The same neighbor who had seen Audrey running to his house now watched Luciana do the same. He also observed appellant across the street "scrambling to get more shells to reload the gun." The neighbor yelled to Luciana to hurry because appellant was reloading. The neighbor's wife, who is a certified medical assistant, was getting medical supplies from her garage when she saw appellant approaching with the shotgun. She told appellant, "K.J., you don't want to do this." He yelled for her to get out of his way and that he was "going to kill LaShawn." The male neighbor stood by his garage door and yelled to appellant, "You're not coming in my house with that gun, my son's in this house." Appellant left their property. He started to place the shotgun in the back seat of his car but instead he dropped the shotgun in his front yard and drove away.

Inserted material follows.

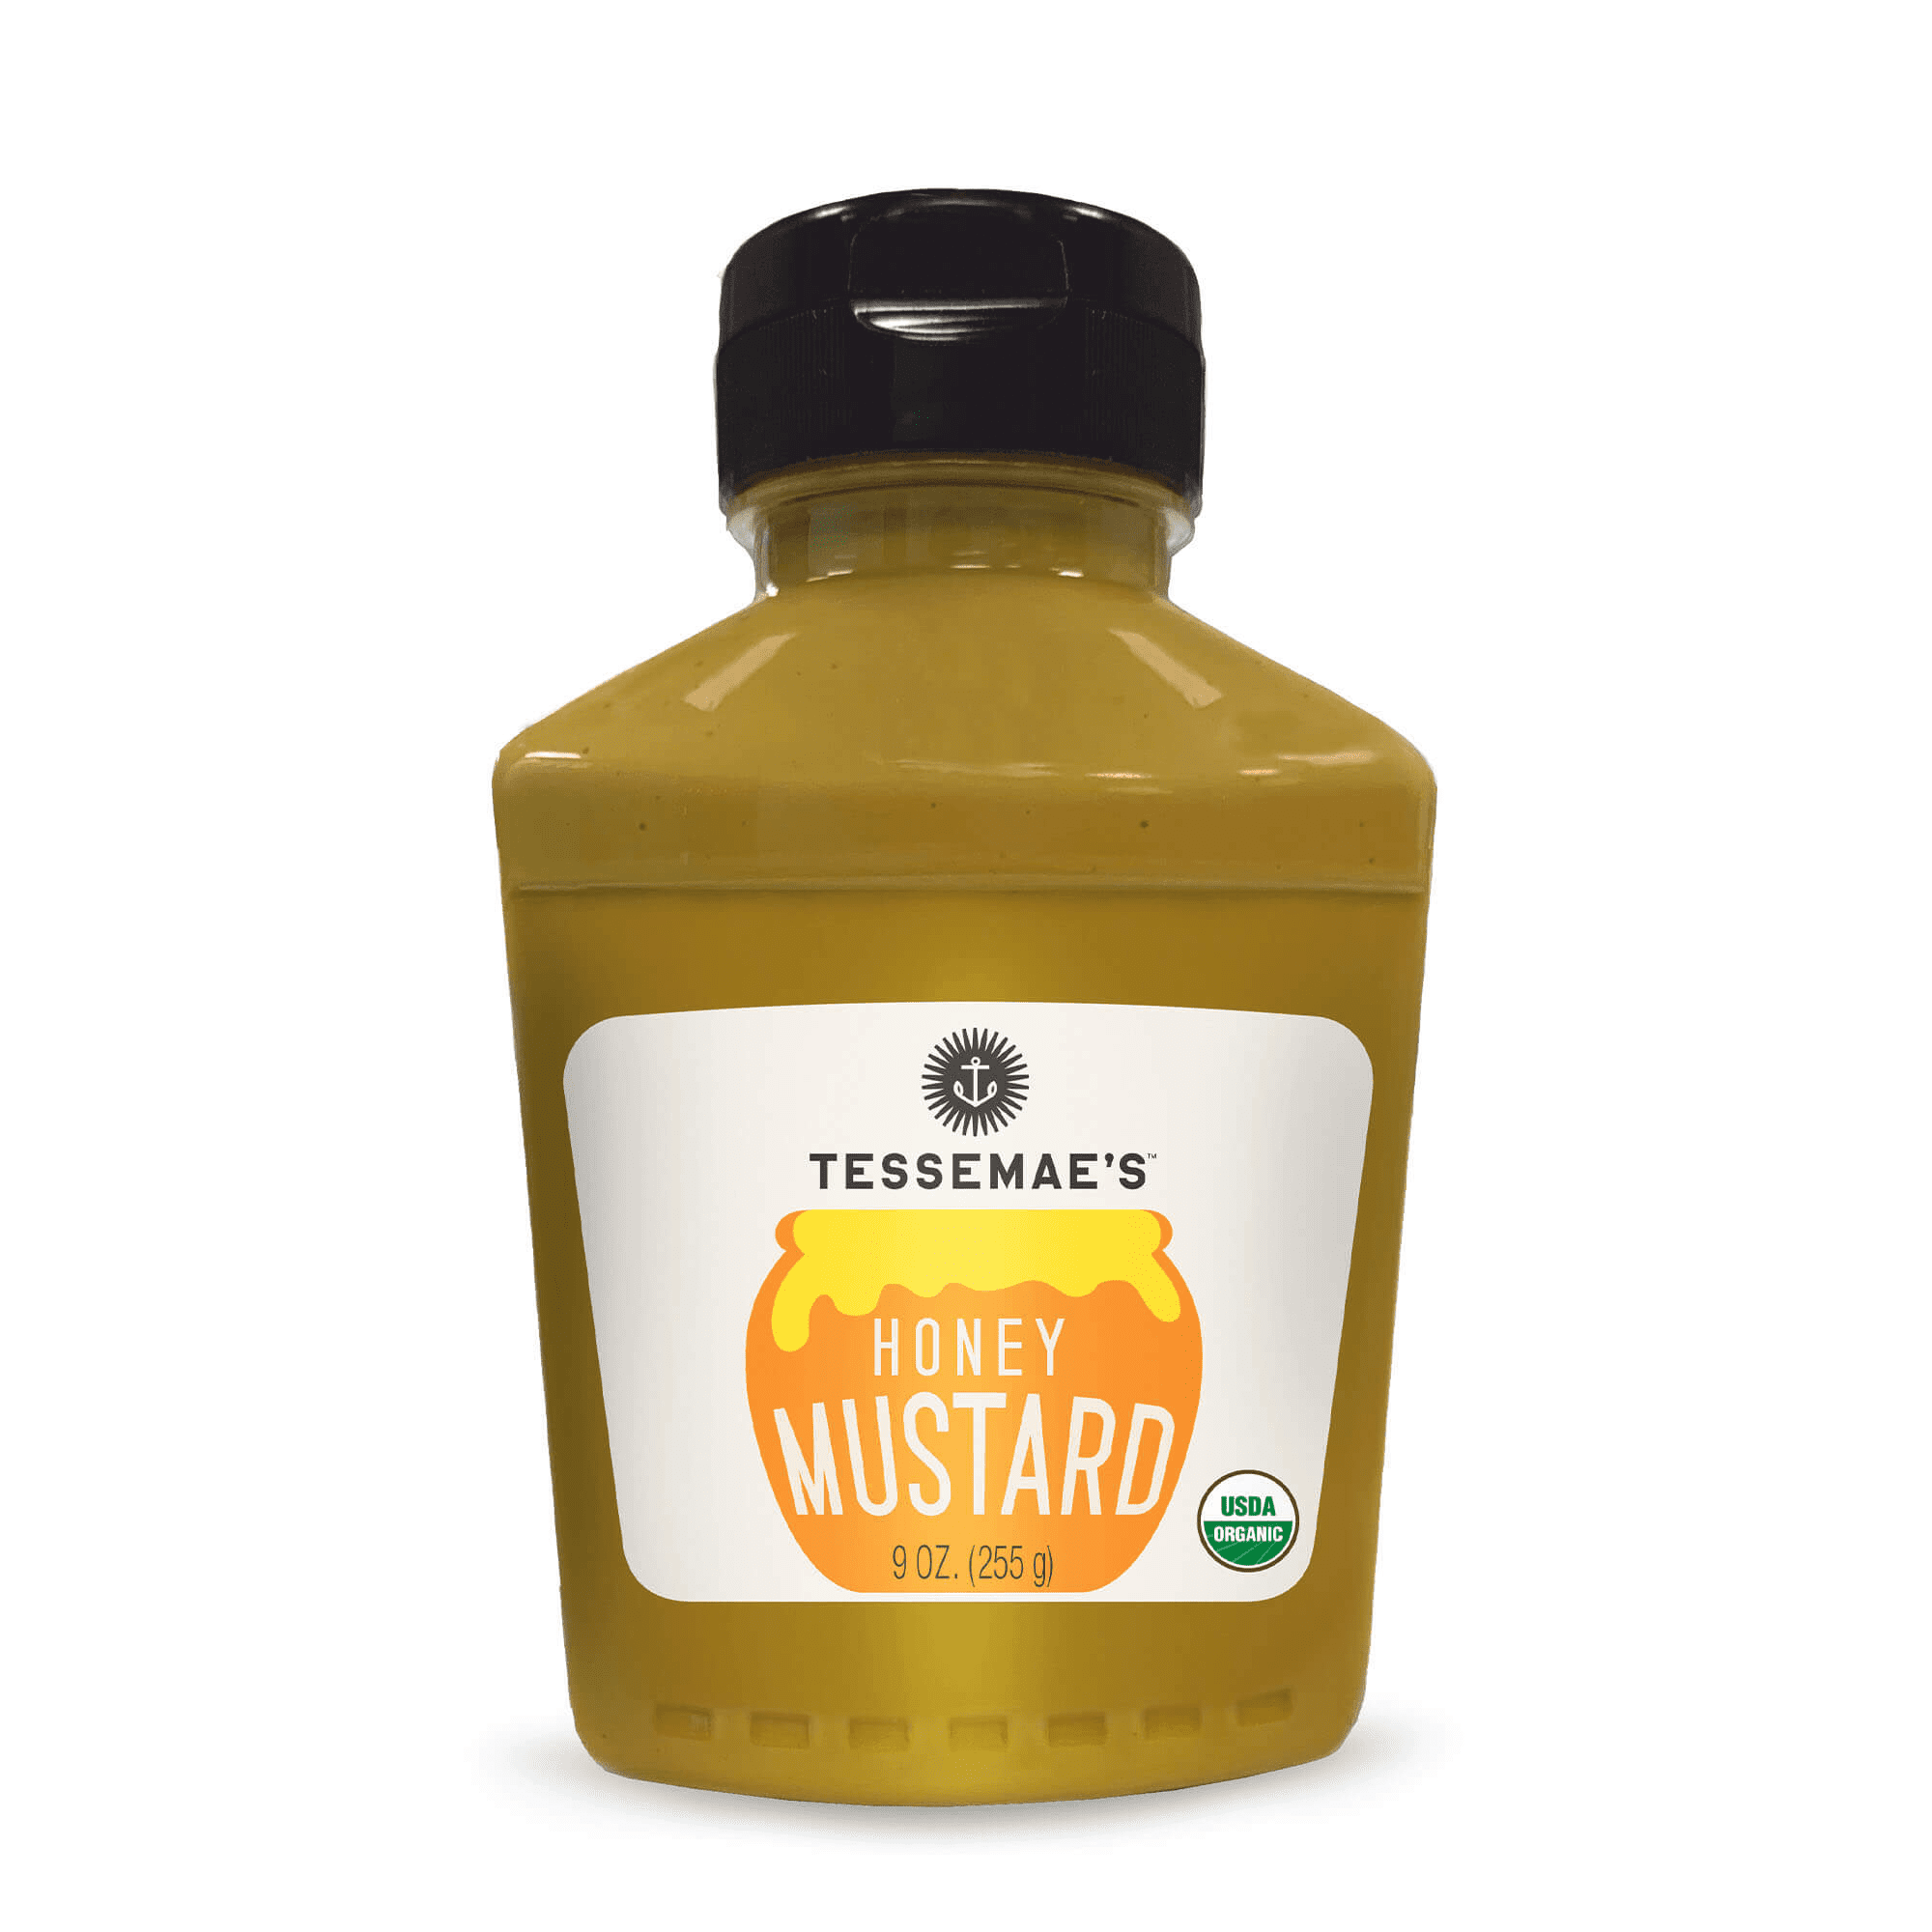 Tessemae's Organic Honey Mustard Squeeze Bottle 6 units per case 9.0 oz

Because Luciana signed a voluntary affidavit of non-prosecution, the jury considered only the allegation in the first count of the indictment concerning appellant's aggravated assault of Audrey. At the conclusion of the jury trial, the trial court refused appellant's request for a charge on deadly conduct, which appellant argued was a lesser-included offense of aggravated assault. The court also refused to allow appellant to impeach Audrey with her misdemeanor conviction for failure to identify. But the court admitted the State's evidence that Luciana had asked one of her neighbors not to testify against appellant. The jury found appellant guilty of aggravated assault with a deadly weapon.



ANALYSIS



Requested Instruction on Deadly Conduct

Appellant's first point of error is that the court erred by refusing to instruct the jury on a lesser-included offense. See Tex. Code Crim. Proc. art. 37.08 (West 1981). A lesser-included offense is one that



(1) is established by proof of the same or less than all the facts required to establish the commission of the offense charged;



(2) differs from the offense charged only in the respect that a less serious injury or risk of injury to the same person, property, or public interest suffices to establish its commission;



(3) differs from the offense charged only in the respect that a less culpable mental state suffices to establish its commission; or



(4) consists of an attempt to commit the offense charged or an otherwise included offense.



Hayward v. State, 158 S.W.3d 476, 478 (Tex. Crim. App. 2005) (citing Tex. Code Crim. Proc. art. 37.09 (West 1981)).